The two men had driven off and the police officer came back to the truck.
"Sorry about that." He apologized. "My bad luck to have to deal with that. Are you going to be all right?"
We assured him we were fine, even though we were a bit confused as to what had happened. We sat in the car and talked and read for the next hour.
When the tow truck showed up I jumped out and ran to meet the driver.
"Boy, are we glad you're here!"
"Don't you recognize me?" He asked. "This is the second time I've been here today."
I suddenly realized he was the second man who had stopped for us that day.
He winched the silver bullet onto the back of his truck and then while we sat in the cab on the way to Merritt he explained everything. He had been driving home when the first man had cut in front of him and nearly made him have an accident. He had called 911 to report his dangerous driving. The first man had stopped to help the two damsels in distress, as had the police officer, as had the second man, and it was just the luck of the draw that they all happened to recognize each other on the side of the highway. The tow truck driver had driven back into Merritt and then got the call to go pick up an '87 Volvo and he had laughed cause he had just been with us.
Well, he dropped our car off at an auto shop that would fix it the next day, and then he drove us across town to the Starbucks to wait for Robin. Miriam and I both had cards that had been given to us and we sat and drank tea until Robin came to get us in his Toyota Tercel.
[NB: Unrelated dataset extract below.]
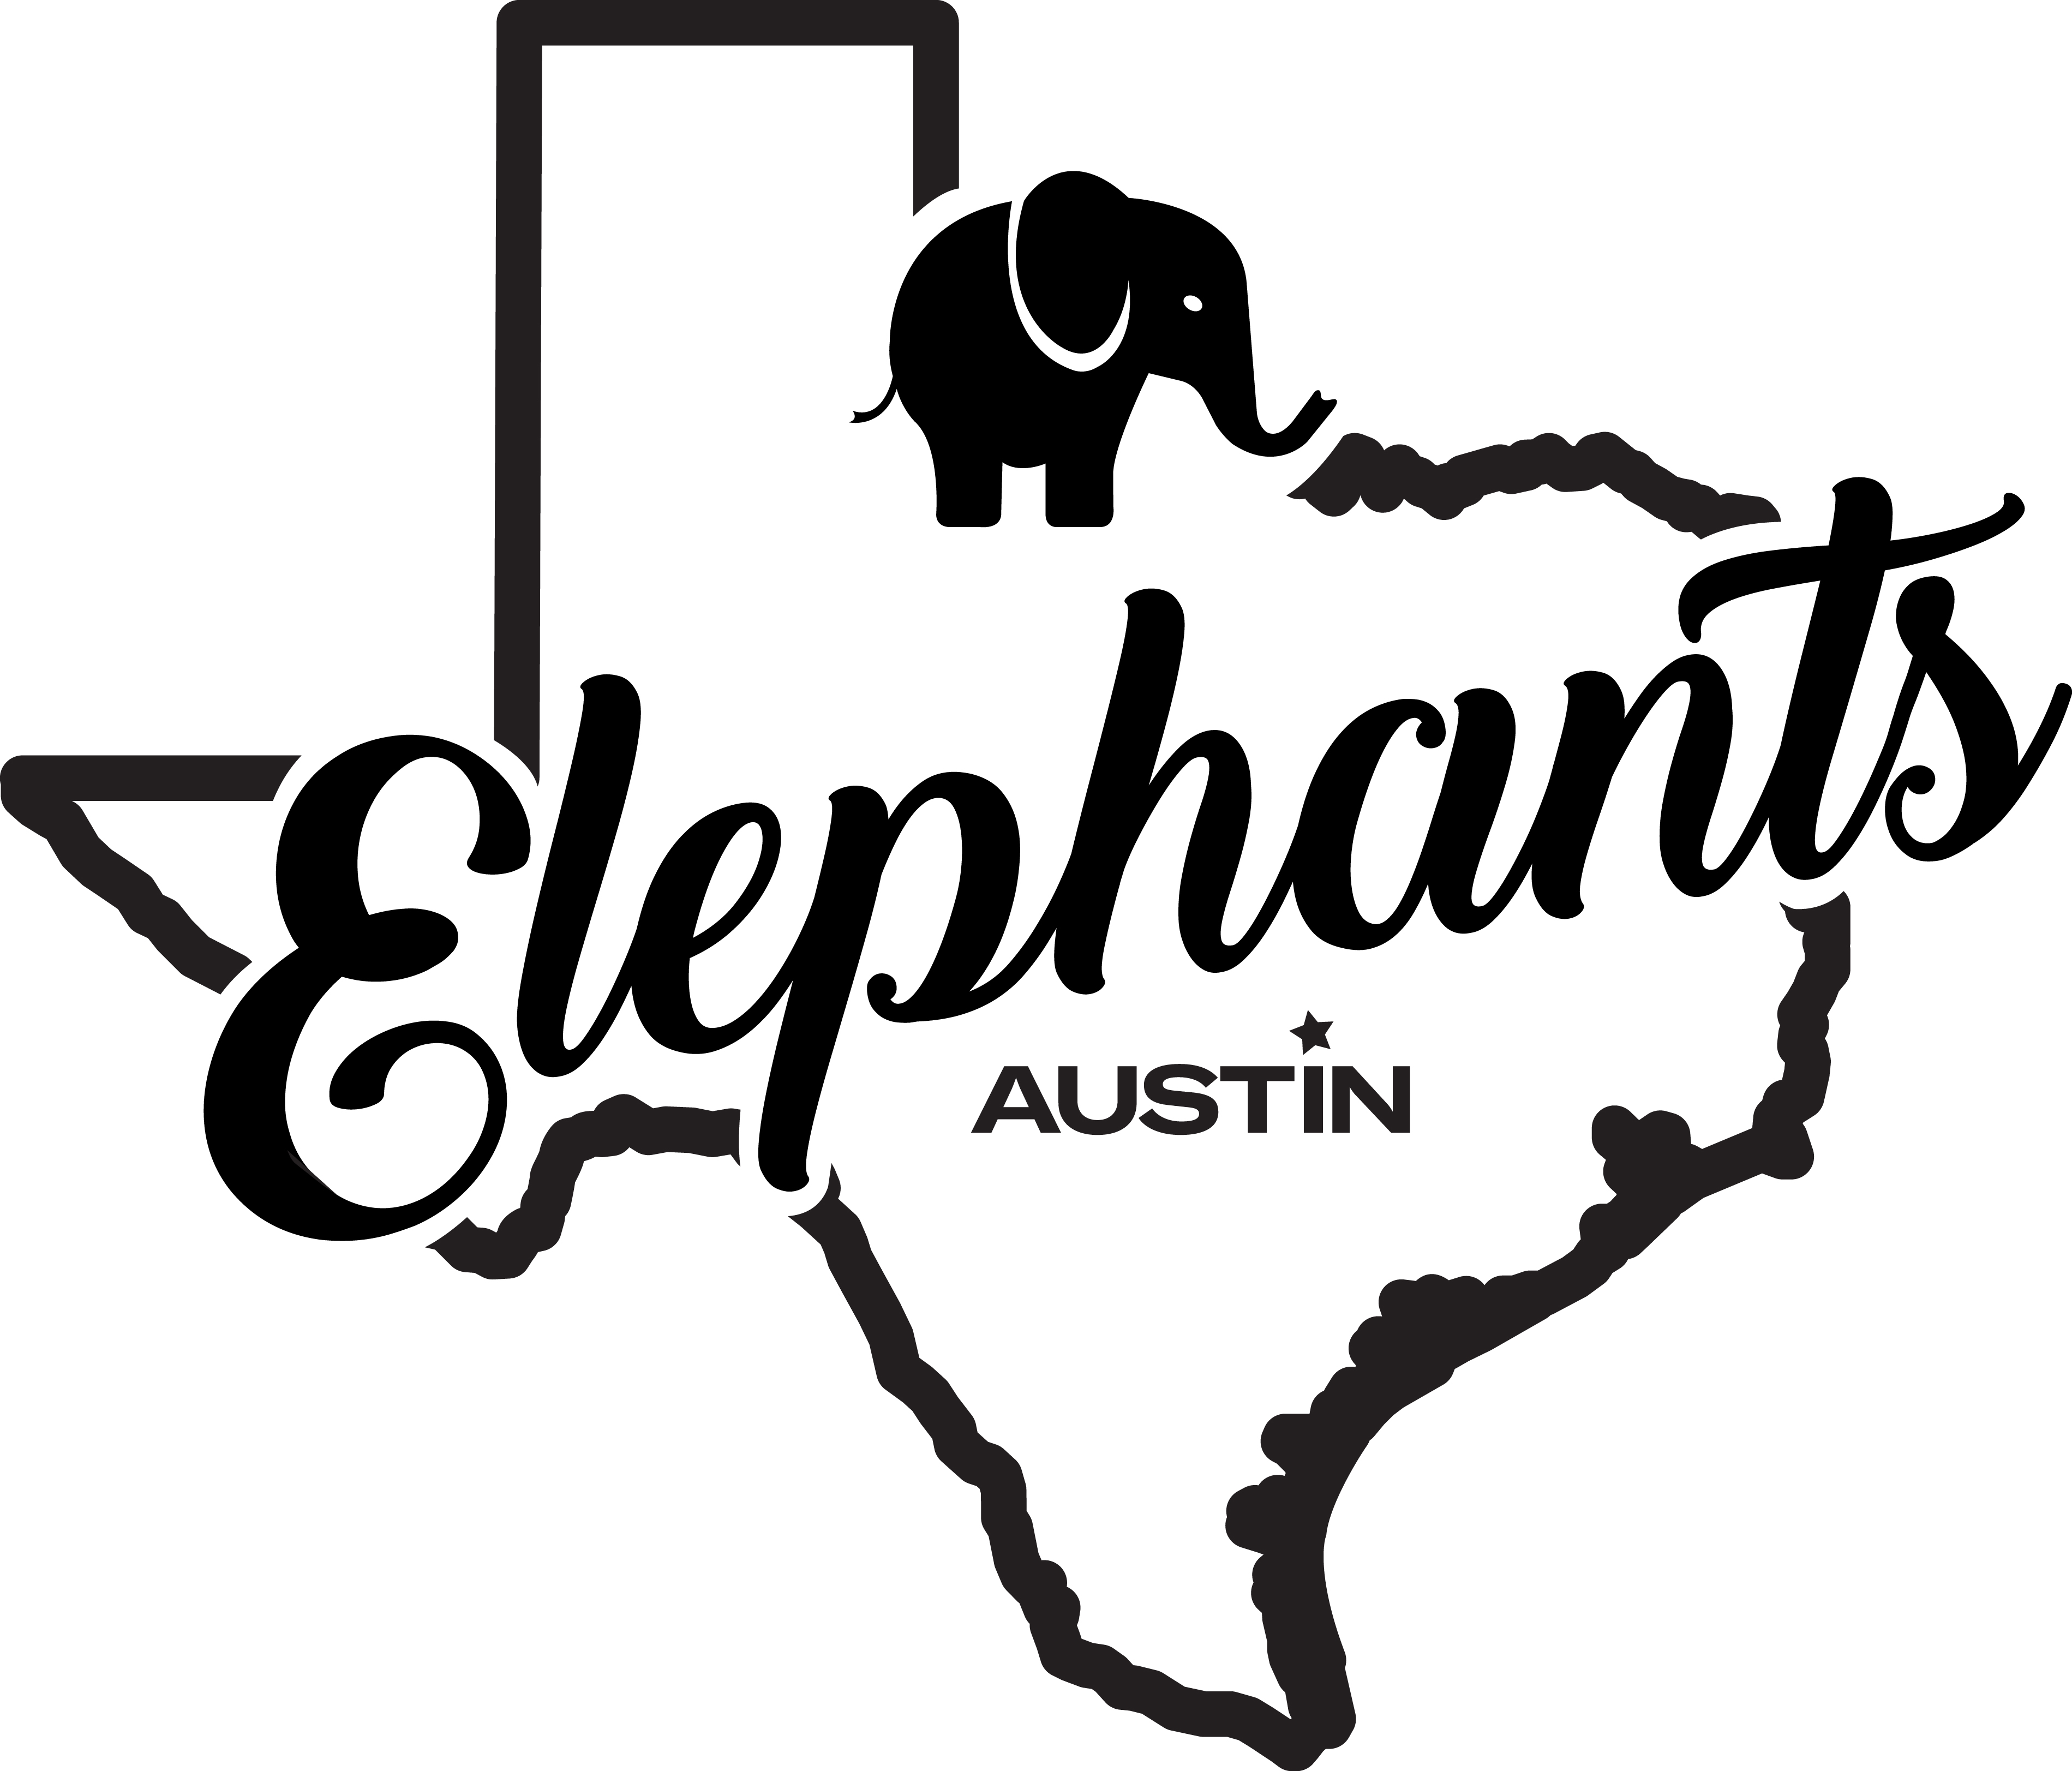 Elephants Austin logo

By the time we got to Kelowna it was late (we both forgot the way back to our car) but we stayed up anyway for a few more hours.
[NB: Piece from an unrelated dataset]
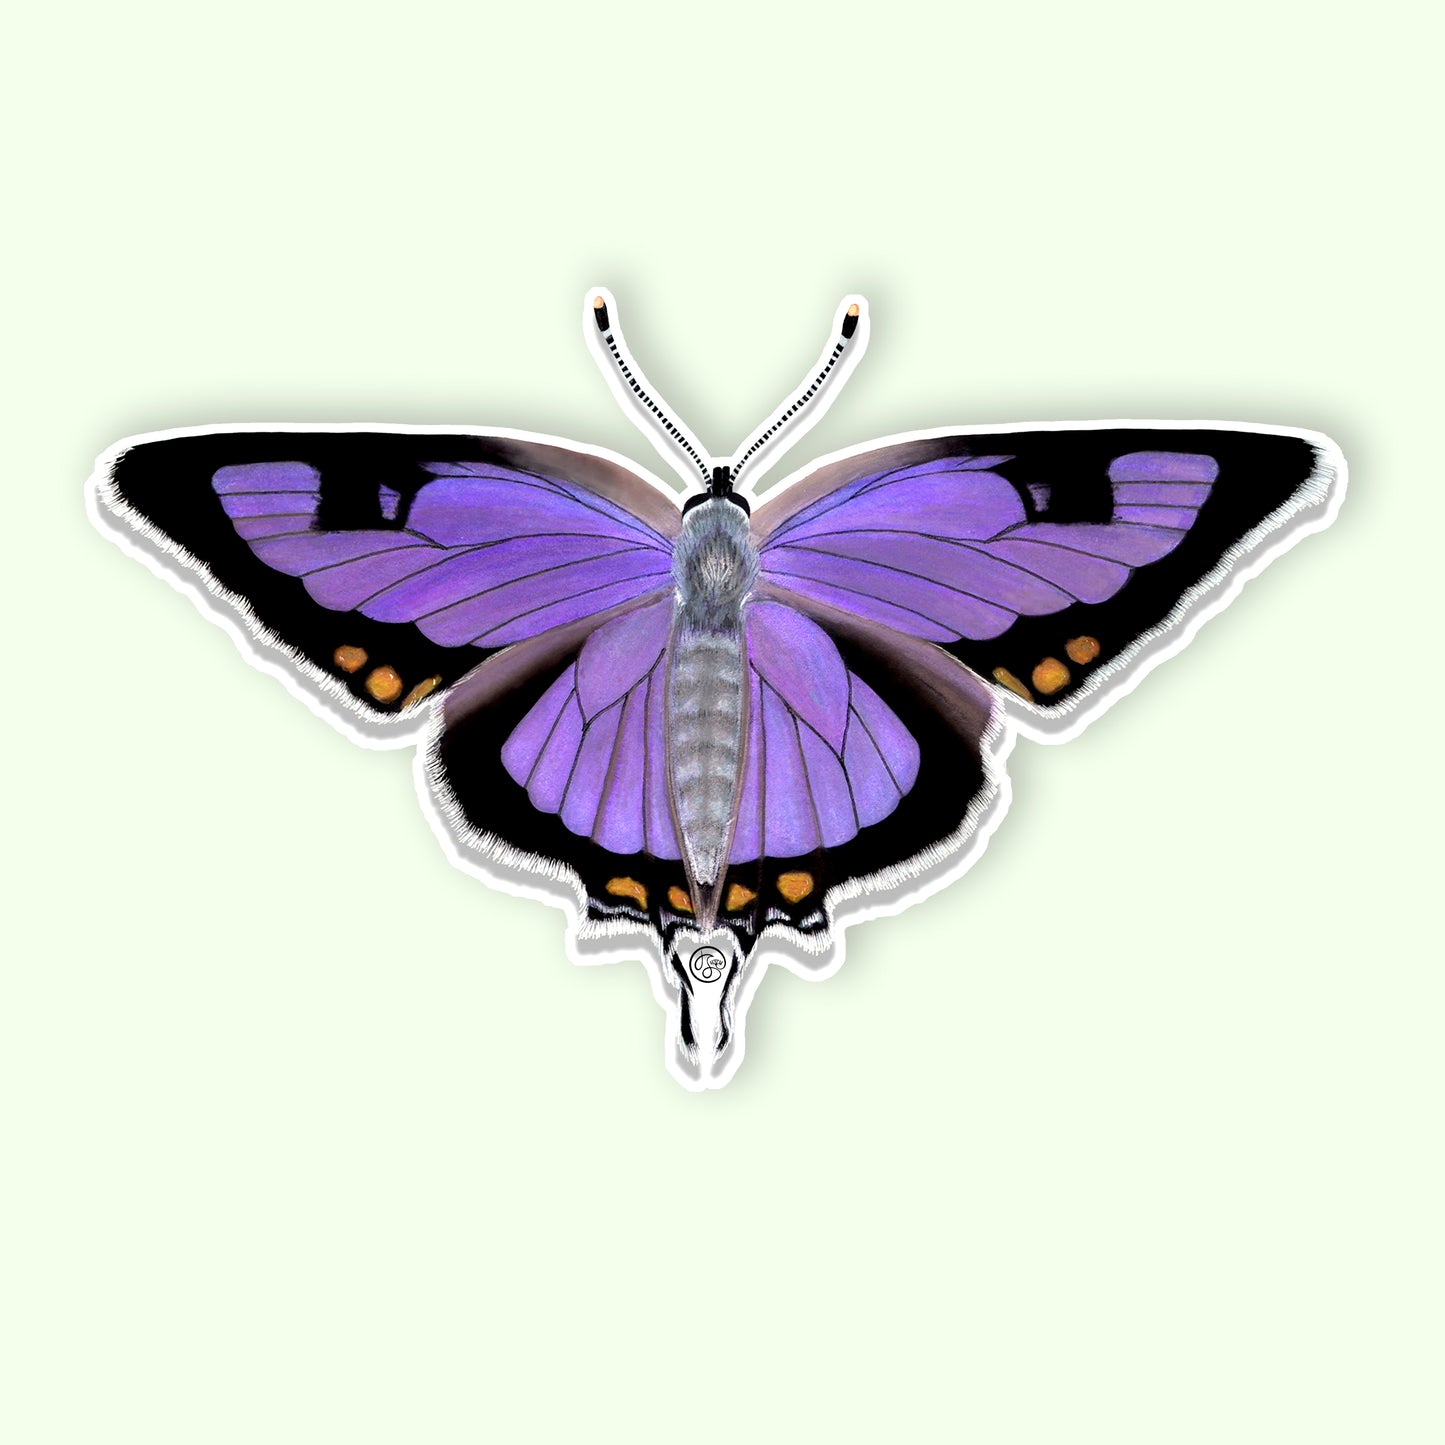 Hairstreak Butterfly Sticker

All in all we had a wonderful weekend, although slightly dampened by the fact that Miriam had to take the greyhound home on sunday, since I was obligated to stay and wait until my car was fixed. Apparently there were no water pumps in Merritt and they had to order one in and in the end it was my most expensive trip to Kelowna ever.
But educational, yes. I learned all about leaking water pumps and why you should always make sure that when you fill the coolant reservoir, whether with water, antifreeze, or wiper fluid, you actually fill it, and don't just pour it out onto the pavement like I must have done the week before. I discovered how romantic it is to be rescued by a handsome young man in a green Tercel (who said anything about a white horse, anyway?) And I finally followed my Dad's lifelong advice, and yes, before I left Kelowna, I purchased a year's membership with BCAA.